Giving the organizing role to the curation workflow also brought focus to conceptualizing and breaking down what the “Phase I” proof-of-concept application should look like. We decided to follow the Unix philosophy of small, single-purpose tools each of which “do one thing and do it well”, and that can be chained together into a workflow. The most sophisticated tool we need to develop is an application to visualize a phyloreference on top of a phylogeny, along with, when validating a phyloreference versus its test case, what was expected to be included and excluded. Our first step here will be researching various existing phylogenetic visualization tools for their suitability to render such annotations, and the formats best suited for including them. It’s worth noting that authors of publications already contrast alternative phylogenetic clade definitions for groups, and hence eventually there well may be a case for on online visualization app that can render multiple phyloreferences on the same phylogeny, as well as the same phyloreference on multiple phylogenies. The latter will certainly be particularly useful for curation!
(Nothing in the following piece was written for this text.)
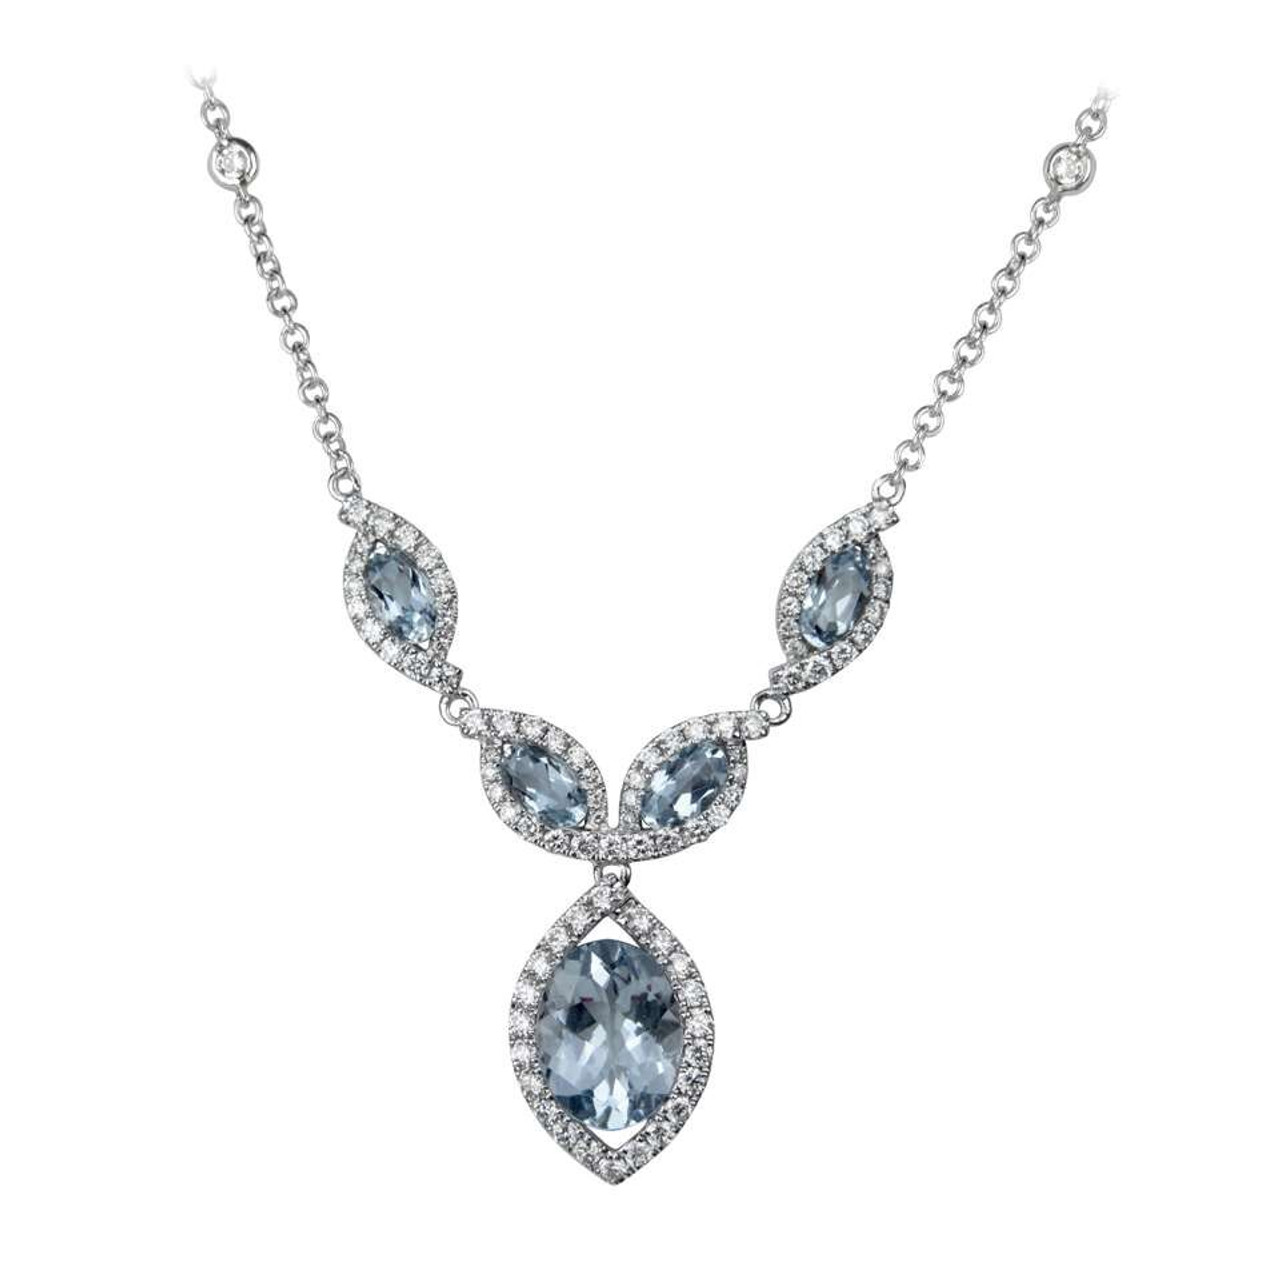 18ct White Gold Aquamarine & Diamond Necklace

To help us better understand how we each think about the factors driving and our project forward or (whether potentially or factually) getting in its way, we concluded our meeting with a light-weight SWOT analysis. Among the important take-aways from this exercise was that because of the novelty of our project, which is one of its biggest strengths but also carries high risks, communicating the value of phyloreferences will need to remain on our minds, as will trying to keep potential future barriers to adoption out of our designs, models, and implementations.
Finally, we discussed ideas and possibilities for independent research projects of the two postdocs on the project. We’ll share these and thoughts about them later as they begin to be developed.
In summary, we’re now in a good place to take some big steps over the next months. We’ll soon have a first specification draft to share and an implementation plan for our curation workflow. Onwards and upwards!